Definition and system

The basic model of a data transmission system consists of three elements: a data source, a communication channel and a receiver,and, as Shannon puts it, the "basic communication problem" is for the receiver to be able to identify what data was generated by the source based on the signal it receives over the channel. Entropy provides an absolute constraint on the shortest possible average lossless encoding length of compressed source data. If the entropy of the source is less than the bandwidth of the communication channel, the data it generates can be transmitted reliably to the receiver (at least in theory, perhaps neglecting some practical considerations such as the complexity of the system required to transmit the data and the amount of time it may take to transmit data).

Information entropy is usually measured in bits (alternatively called "shannons") or sometimes in "natural units" (nats) or decimal places (called "dits", "bans" or "hartleys"). The unit of measurement depends on the base of the logarithm, which is used to determine the entropy.

Properties and logarithm

The log probability distribution is useful as a measure of entropy because it is additive for independent sources. For example, the entropy of a fair bet of a coin is 1 bit, while the entropy of m-volumes is m bits. In a simple representation, log2(n) bits are needed to represent a variable that can take on one of n values if n is a power of 2. If these values are equally likely, the entropy (in bits) is equal to that number. If one of the values is more likely than the others, the observation that it ismeaning occurs, is less informative than if some less general outcome would occur. Conversely, rarer events provide additional tracking information.

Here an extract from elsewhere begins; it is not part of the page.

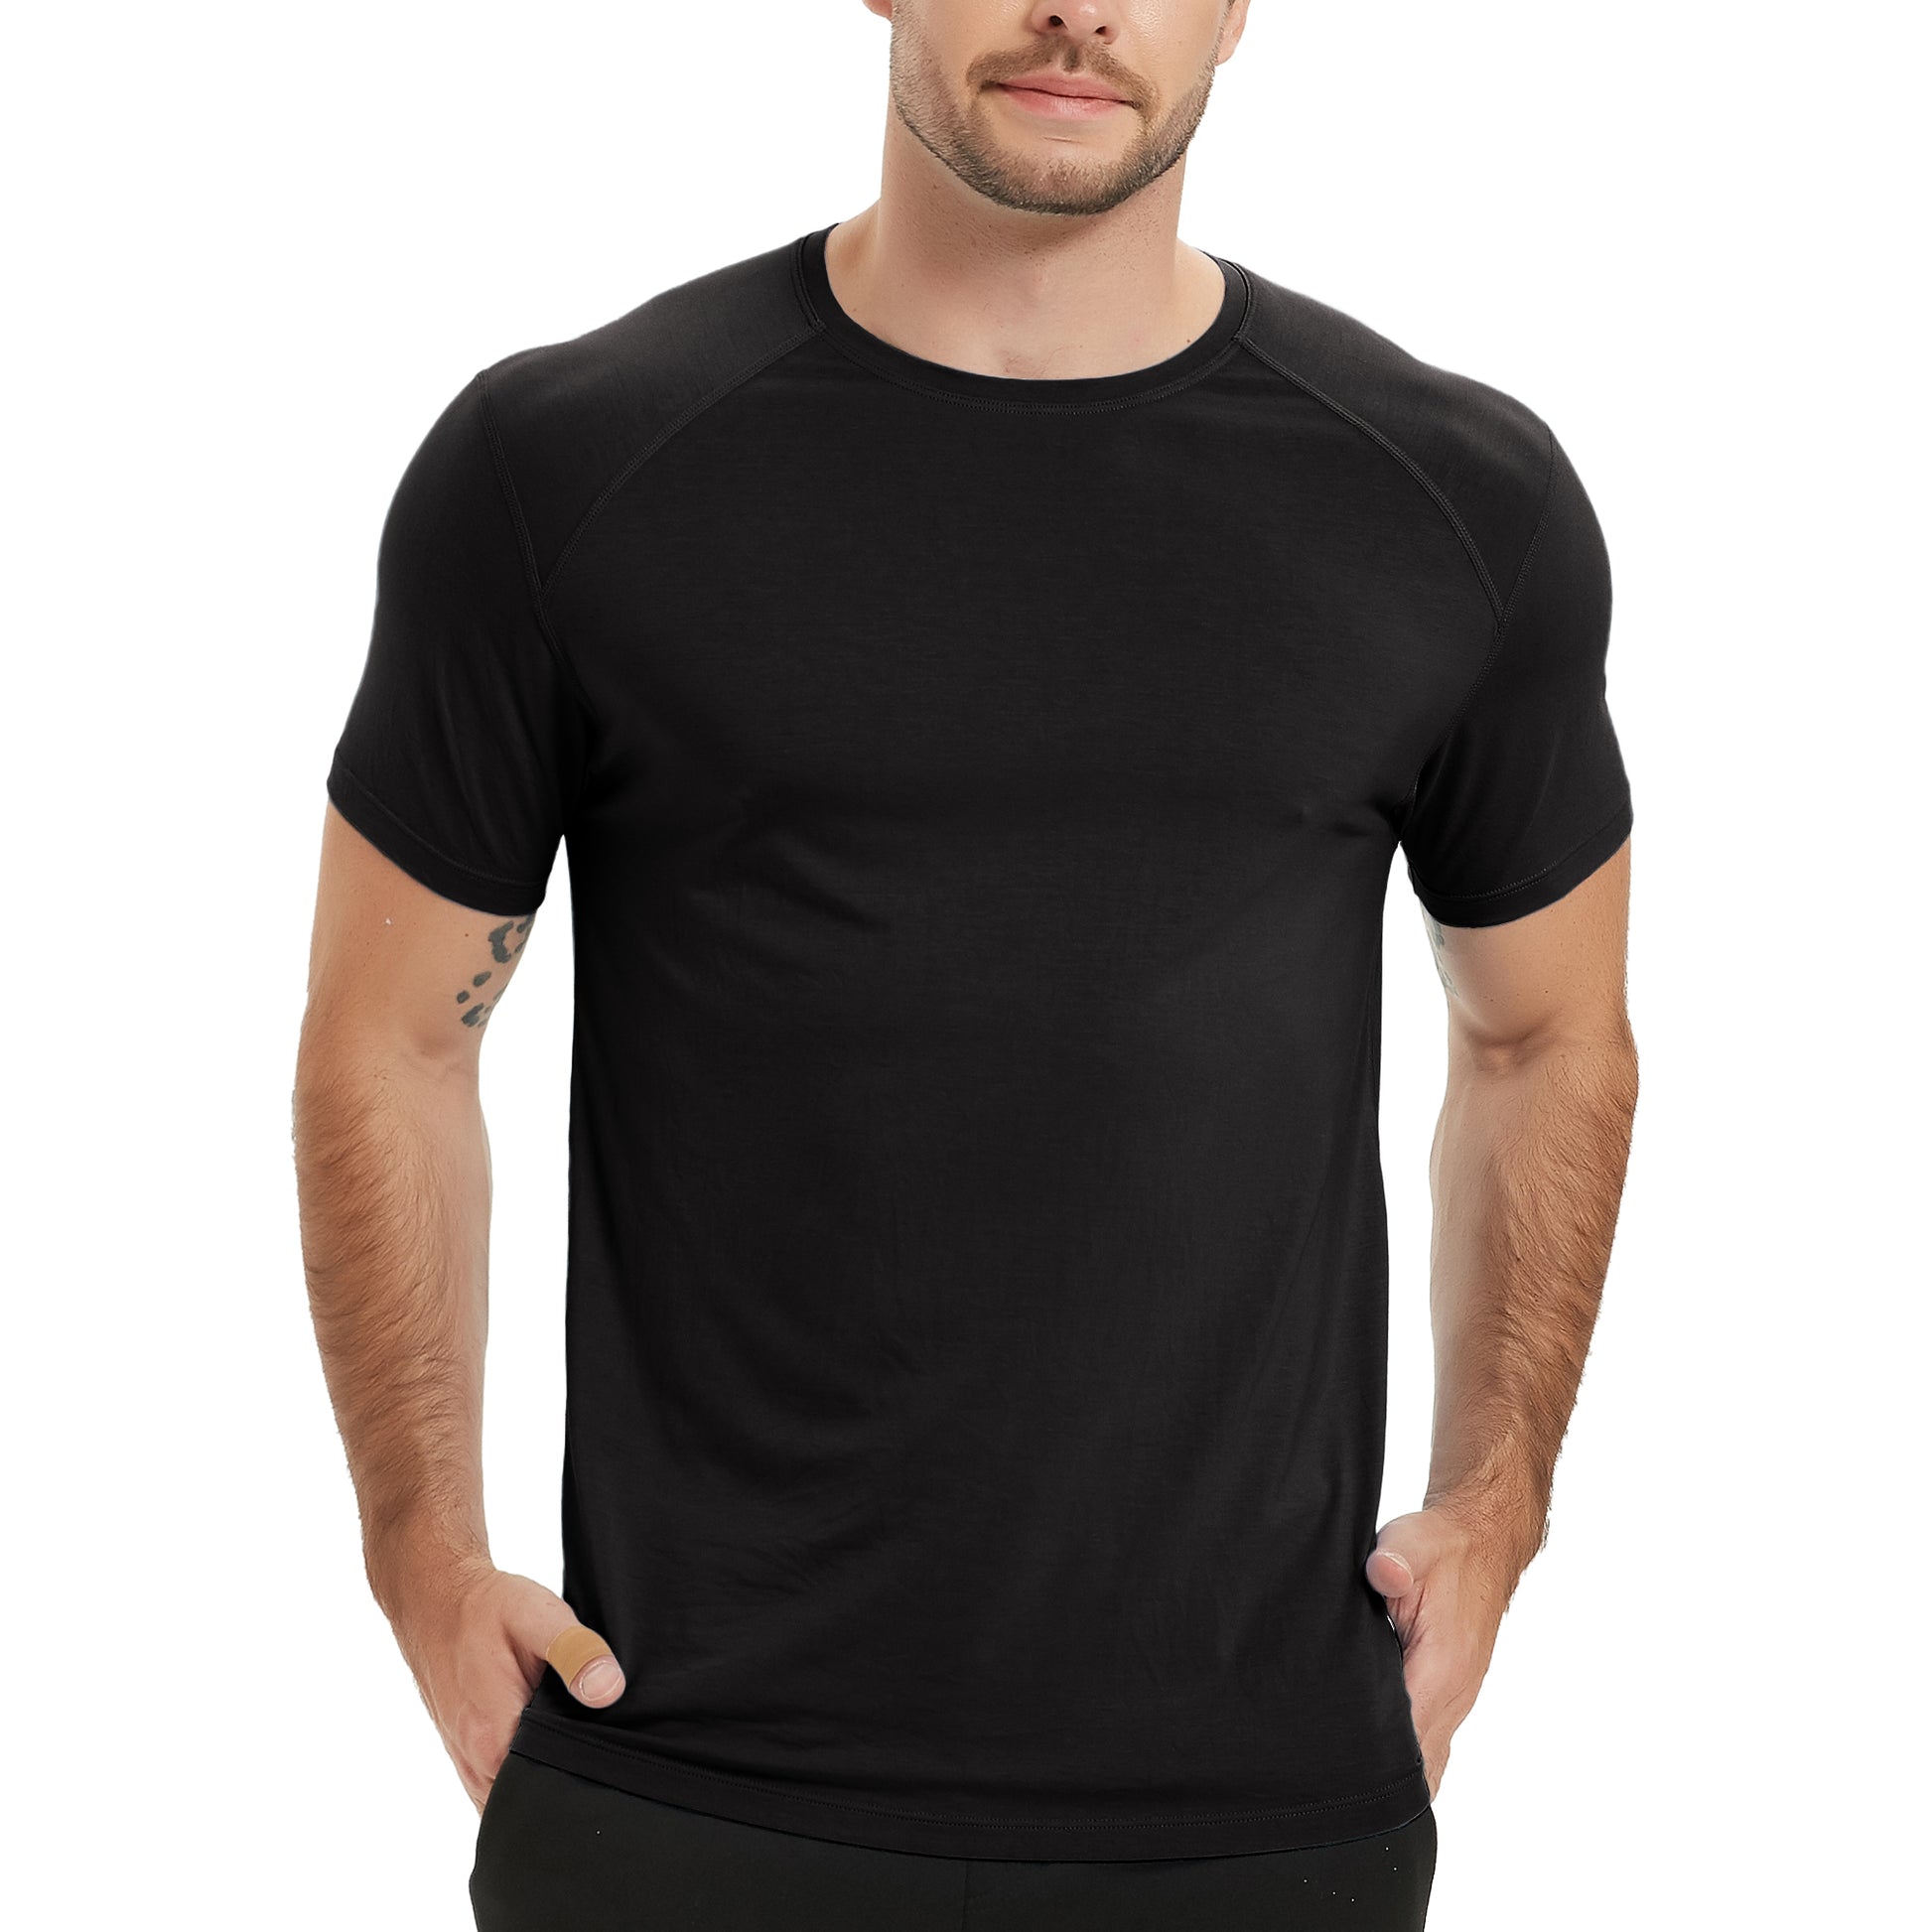  Qopobobo Black T Shirts for Men Men's Cotton Performance Short  Sleeve T-Shirt Gym Workout Short Sleeve Tee Slim Fit Blouse : Clothing,  Shoes & Jewelry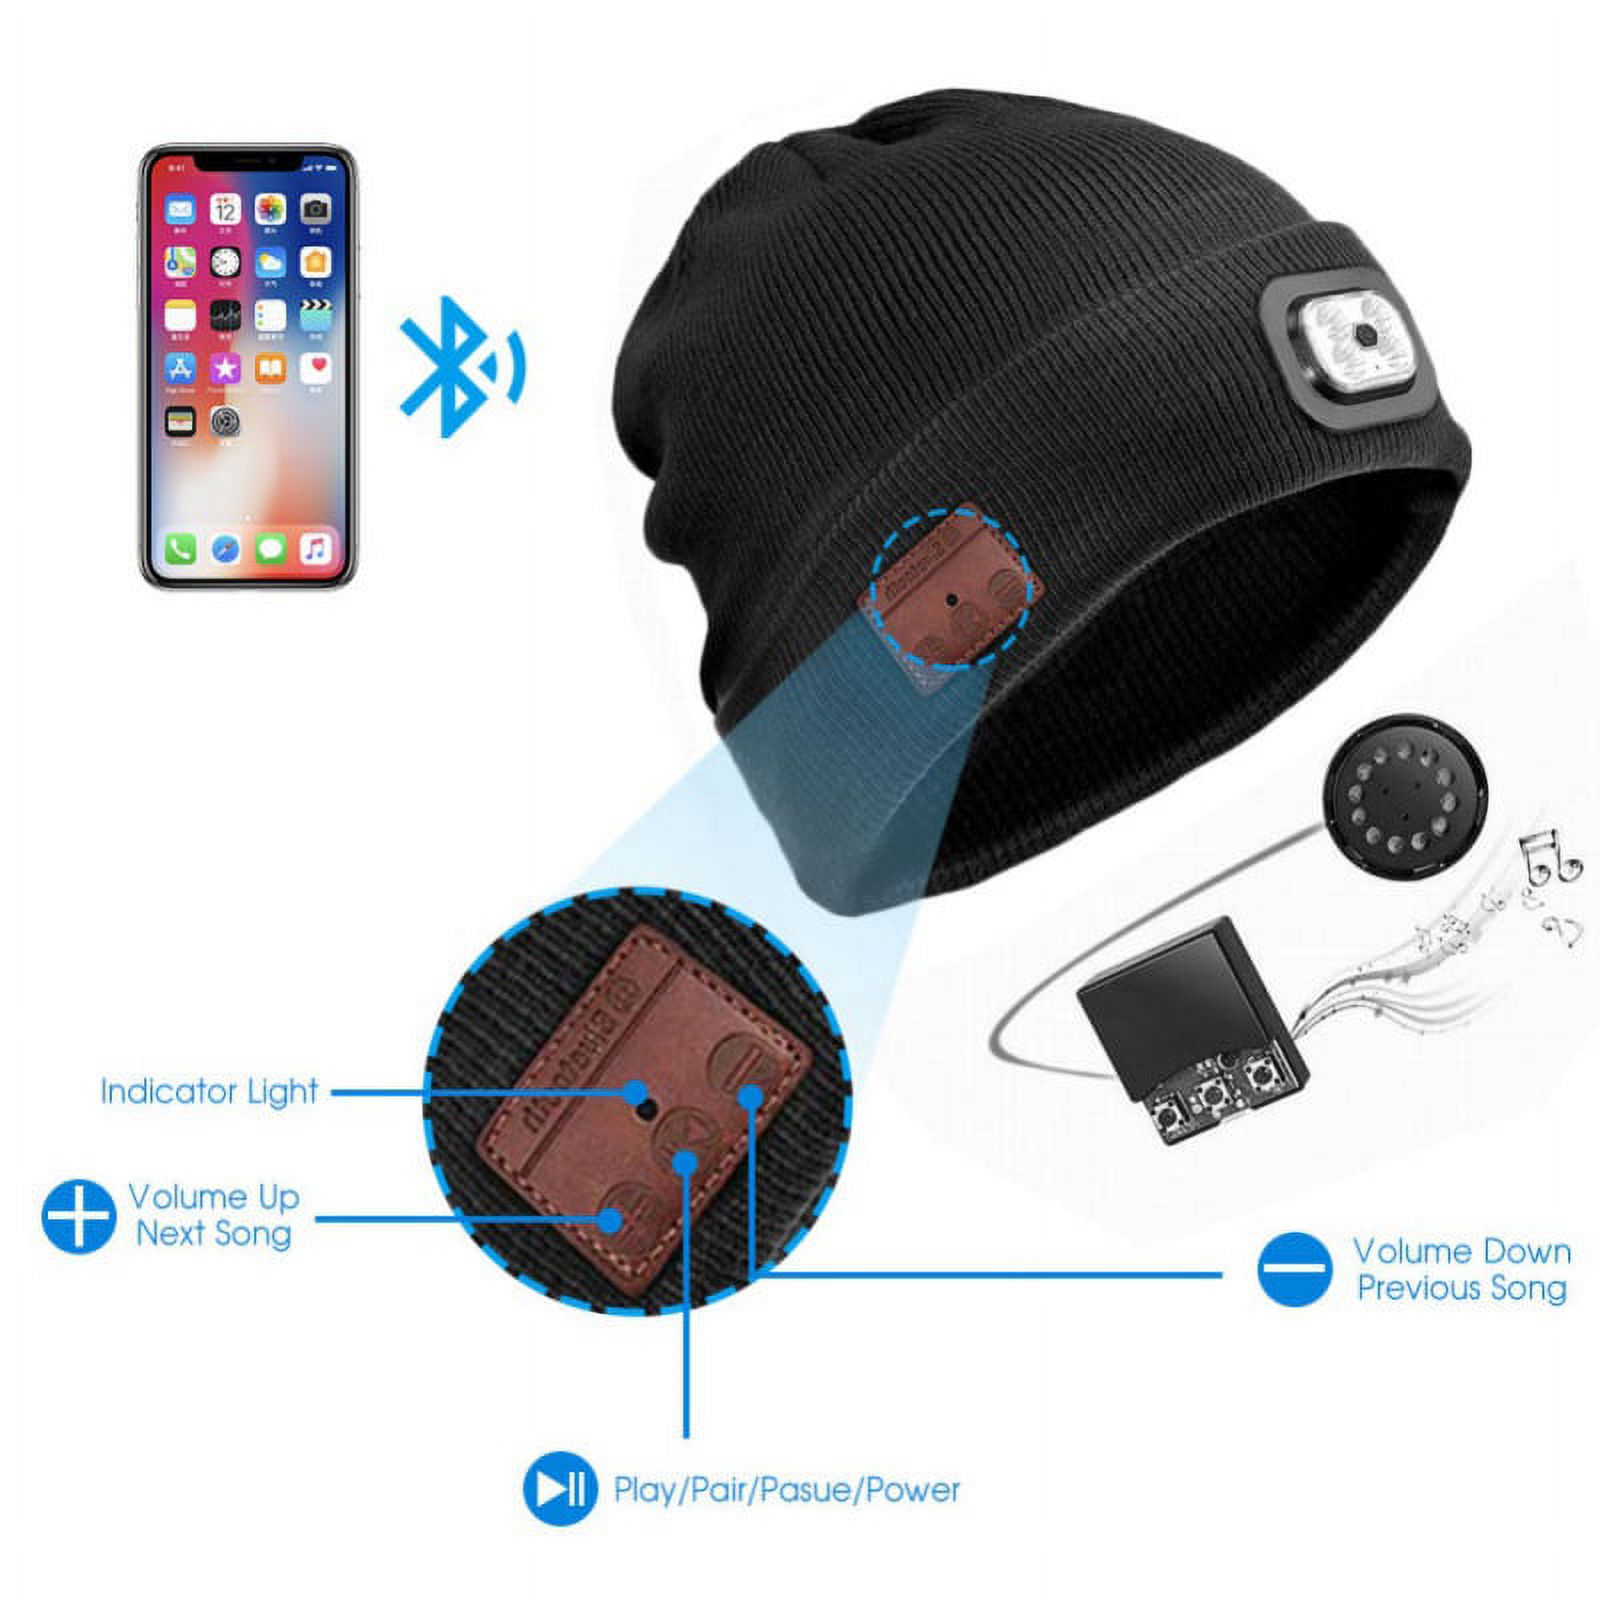 Poseca Bluetooth Beanie Hat LED Beanie Hat, Unisex Wireless Headphone Beanie USB Rechargeable Lighted Cap with Built-in HD Stereo Speakers & Mic - image 2 of 7

Because the observation of less probable events is less frequent, there is nothing in common that the entropy (considered to be average information) obtained from unevenly distributed data is always less than or equal to log2(n). Entropy is zero when one result is defined.

Shannon's information entropy quantifies these considerations when the probability distribution of the underlying data is known. The meaning of observed events (the meaning of messages) is irrelevant in the definition of entropy. The latter takes into account only the probability of seeing a particular event, so the information it encapsulates is data about the underlying distribution of possibilities, not about the meaning of the events themselves. The properties of information entropy remain the same as described above.

Information theory

The basic idea of information theory is that the more one knows about a topic, the less information one can get about it. If an event is very likely, it is not surprising when it occurs and therefore provides little new information. Conversely, if the event was improbable, it was much more informative that the event happened. Therefore, the payload is an increasing function of the inverse probability of the event (1 / p).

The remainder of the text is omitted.